While the ‘wolves get themselves situated with piles of cushions, blankets, and assorted books and electronic gizmos (Stiles mocking Derek’s use of the word “evolving” has led to the surprising revelation that old school handheld games like Pokémon and Zelda sooth the savage wolf almost as effectively as a shot of yellow wolfsbane, presumably because it reminds them of when they were puppies _awwww_ ), he enlists Mason’s help in carrying out a small end table to serve as an altar, who drops it on his foot when Derek strips naked, casual as you please, and shifts into wolf form.

“ _Whoa_.”

Danny lets out a lusty rumble in agreement, expression turning horrified when it hits him he’s leering at a _wolf_.

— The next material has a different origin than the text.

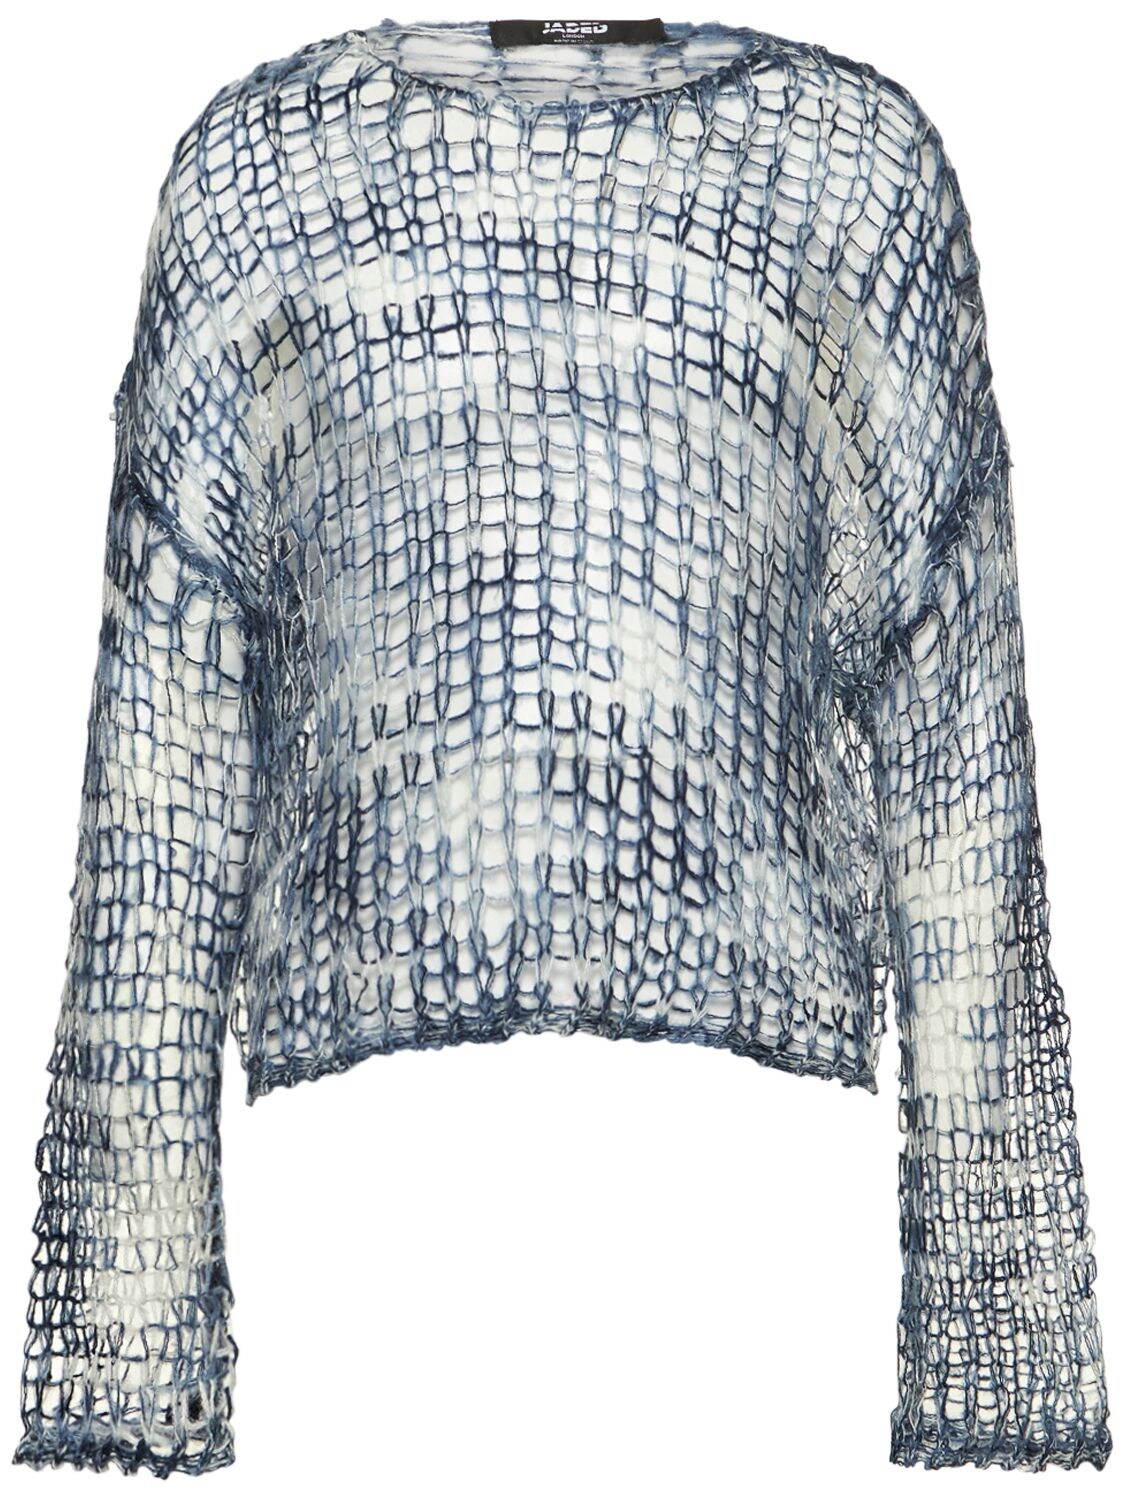 JADED LONDON Blue Ombre Twisted Knit Sweater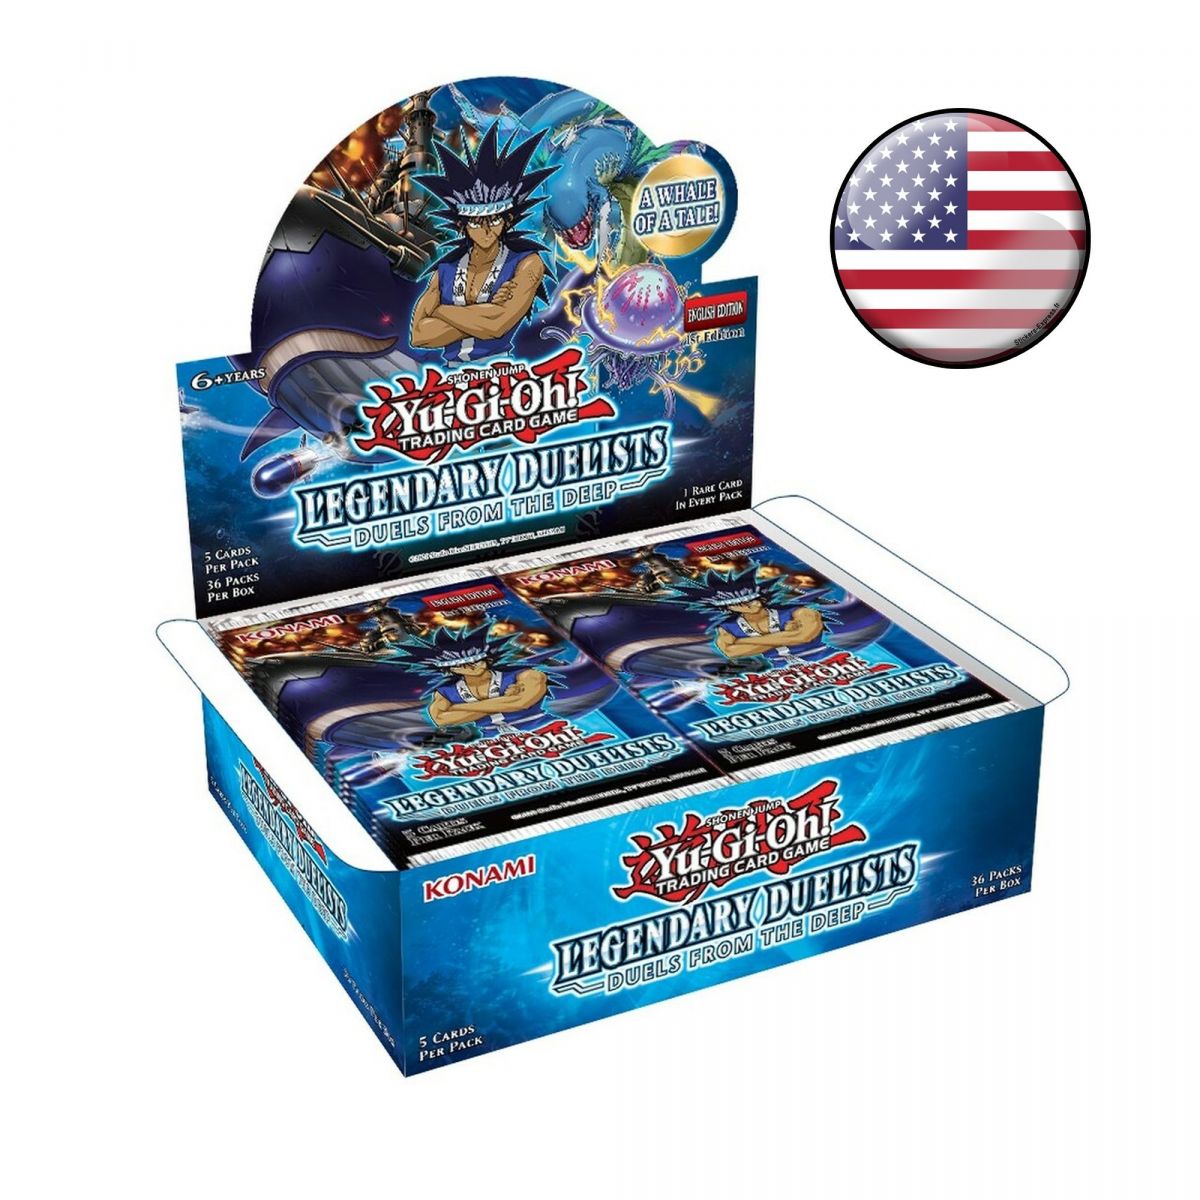 Item Yu Gi Oh! - Display - Box of 36 Boosters - Legendary Duelists: Duels from the Deep - US

“Yeah, he does that,” Stiles snickers. Hell, if he looked like Derek he’d show it off too (okay, so probably not, but it’s not like he’s ever going to actually find out). It only takes a couple of minutes to set up for the relatively simple ritual and he tries not to take it too personally that the pack has set up their little wolf nests as far from him as possible, all save Derek who trots over and takes a seat right next to the altar as if to say _I want a front row seat for your imminent fuck up_. Ass. “Who’s a good wolfboy? You are. You are,” Stiles croons scratching him roughly behind the ears, ignoring the throaty snarl that gets him (two hundred pounds of wolf makes one hell of an intimidating noise, but he’s seen and been worse). “Ah ah! Be good or no snausages for you.” He pulls his hand back a hair ahead of the snap of Derek’s jaws.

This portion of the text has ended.